We think it clear that the system of selective service, with its requirements of forced military service for selectees in general and of the substituted work of national importance for conscientious objectors, would not be operable if claimed harshnesses in detail could be contested by refusing any obedience to the system. Just as the soldier selectee cannot disobey commands, so the conscientious objector cannot refuse to perform his work of national importance even if he thinks he is being underpaid and acts on the basis of conscientious scruples to avoid what he considers the status of contract labor. The upholding of the selective service system as a whole, going back to the Selective Draft Law Cases, 245 U.S. 366, 38 S.Ct. 159, 62 L.Ed. 349, L.R.A.1918C, 361, Ann. Cas.1918B, 856, in World War I, and cases such as United States v.
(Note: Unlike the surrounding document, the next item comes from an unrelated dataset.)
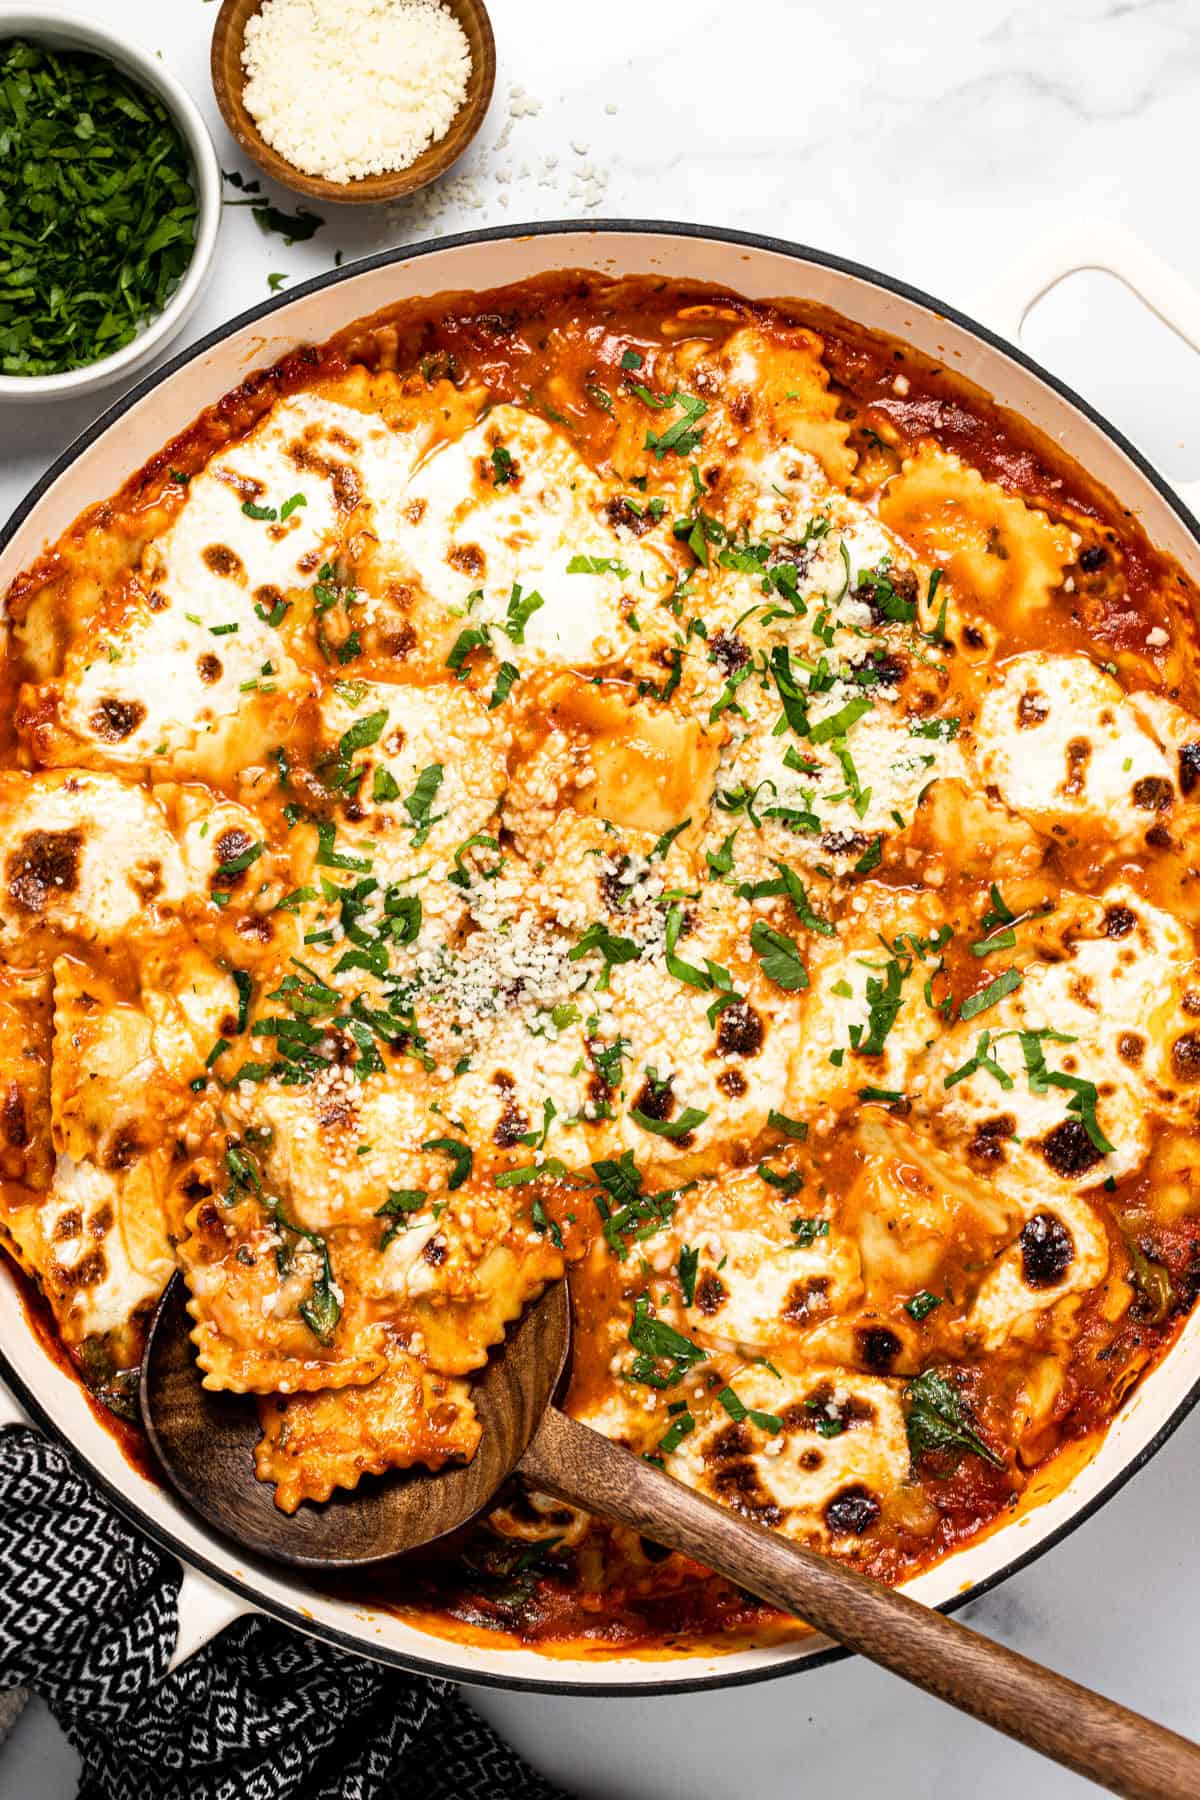 Large white pan filled with baked ravioli casserole garnished with fresh parsley

Herling, 2 Cir., 120 F.2d 236, in the last war, including the cases above cited dealing with the provisions concerning conscientious objectors, carries with it the requirement of continued obedience to the established directives. Redress of the defendant’s incidental grievances must be sought in other ways than by disobedience.

The defendant’s argument took a wide range, so far in fact that we could not always follow it. The claim that the “power to confiscate wages or to conscript labor for the use of private employers” might be used to penalize freedom of religion and speech or to restrict unpopular beliefs assumes that enforcement will actually proceed against the very purpose of the original statute and the regulations. Until such a course is shown, the objection is certainly not valid. The claim that there is discrimination in that the wages thus paid were less than that paid privates in the Army overlooks the after all quite reasonable basis for a different classification of men in actual military service and men doing civilian or farm wdrk even of national importance. On this record we do not see how the district court could have done otherwise than find the defendant guilty of the crime with which he was charged.

Affirmed. 
      
       See also United States ex rel. Zucker v. Osborne, 2 Cir., 147 F.2d 135, certiorari denied 325 U.S. 881, 65 S.Ct. 1574, 89 L.Ed. 1997; Hopper v. United States, 9 Cir., 142 F.2d 181; United States v. Mroz, 7 Cir., 136 F.2d 221, certiorari dismissed Mroz v. United States, 320 U. S. 805, 64 S.Ct. 23, 88 L.Ed. 487; Roodenko v. United States, 10 Cir., 147 F.2d 752, certiorari denied 324 U.S. 860, 65 S.Ct. 867, 89 L.Ed. 1418; United States v. Van Den Berg, 7 Cir., 139 F.2d 654; Weightman v. United States, 1 Cir., 142 F.2d 188; Wolfe v. United States, 6 Cir., 149 F.2d 391; Heflin v. Sanford, 5 Cir., 142 F.2d 798; United States v. Gormly, 7 Cir., 136 F.2d 227, certiorari denied Gormly v. United States, 320 U.S. 753, 64 S.Ct. 60, 88 L.Ed. 448.